Aku membuka mata perlahan. Cahaya kuat mulai menyingsing dan sirna. Namun ada yang aneh. Kenapa aku berada di trotoar sisi jembatan, bukankah aku tadi masih berada di dalam mobil?
Telapak kakiku terasa dingin dan basah. Saat aku menatap ke bawah, astaga....
Ini apa?
Aku?
Kenapa aku berada dalam tubuh cewek jorok yang tadi mau bunuh diri?
Mataku menyisir jalan. Kutemukan mobilku masih berhenti di posisi semula, di sebelah pos satpam ujung timur jembatan. Aku berlari kecil tanpa alas kaki. Aku ketakutan sekaligus frustrasi, tubuh penuh kuman ini yang sekarang kumiliki.
Tiba di mobilku, kuintip tubuhku masih terpejam tak sadarkan diri di dalam.
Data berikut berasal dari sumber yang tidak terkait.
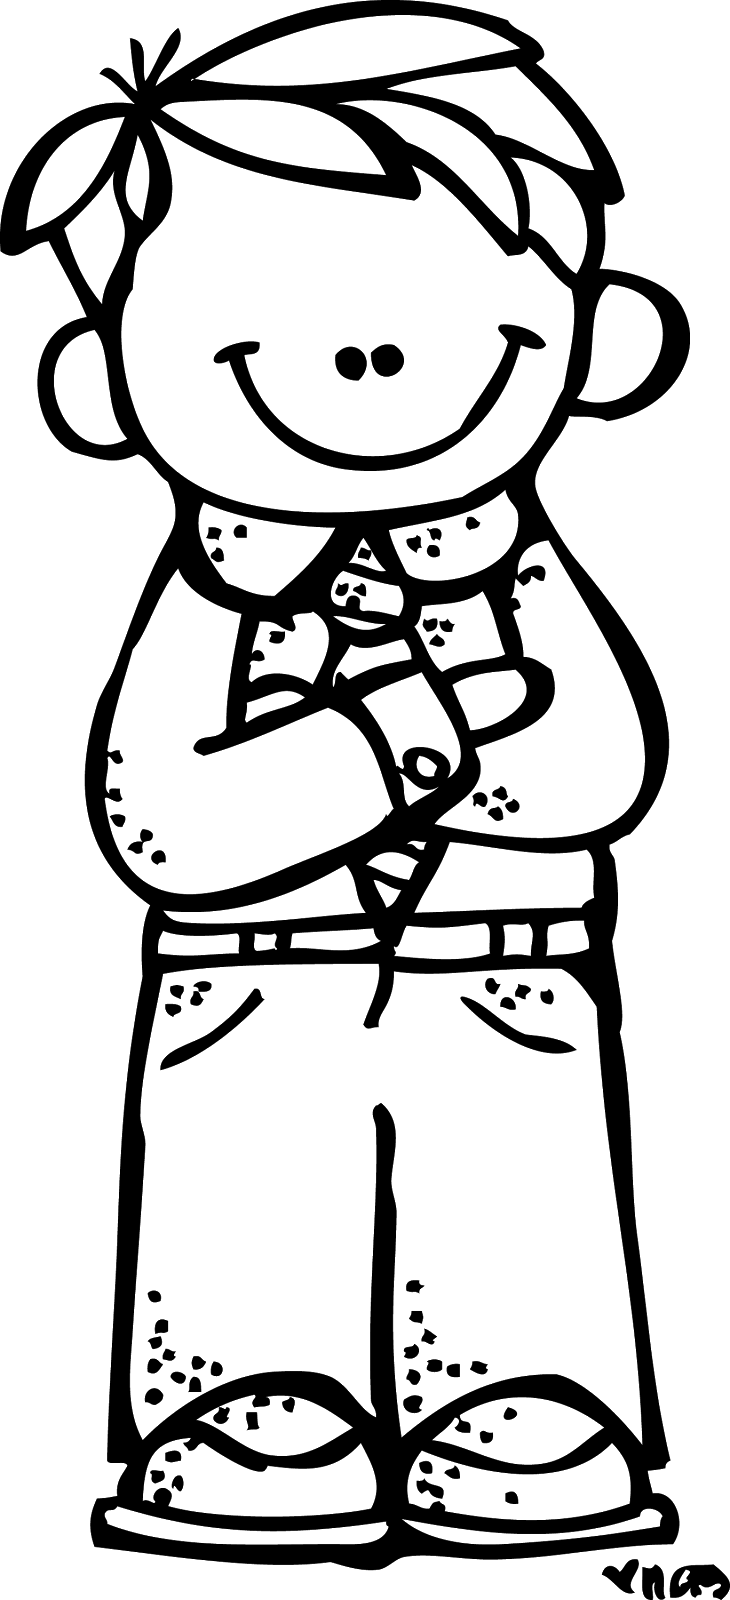 School boy clipart black and white graphic transparent download Reverent Boy - art by Melonheadz LDS illustrating | church ... graphic transparent download

Tubuh paling higienis yang selalu aku jaga. Tolong, kembalikan aku ke dalam sana.
Aku mengetuk-ketuk kaca jendela, berusaha menyadarkan tubuhku. Mungkin aku hanya bermimpi buruk.
Ayo, cepat bangun. Agar aku bisa balik ke sana secepatnya....
Tubuhku terbangun. Yes!
Ia mengerjapkan mata tak percaya melihatku. Sesaat kemudian teriakan bass membahana membuat kami berdua ketakutan.
"Siapa lo?" kata tubuhku waspada.
"Justru aku yang harusnya bertanya, siapa kamu? Pemilik tubuh kotor ini?"
"Hah? Tubuh kotor kata lo?!" Dia keluar dari mobilku untuk menghajarku.
"No, Don't touch me. Jangan buat tubuhku menyentuh tubuhmu yang kotor ini."
"Hadehhh, s****n!" Cewek sinting itu malah memelukku.
Ia menggesek-gesekkan pipi bersihku ke pipi kotornya. Tangan bersihku ia gunakan untuk membelai rambut baunya.
Aku ingin menangis. Tubuhku ternoda.
"Ampun, ampun, lepaskan." Aku terus menghindar, sementara ia terus mengotori tubuhku yang dikuasainya.
Ya, Tuhan. Aku sudah salah memilih musuh. Tolong kembalikan posisi kami. Aku tidak kuat berurusan dengan bakteri berjalan ini.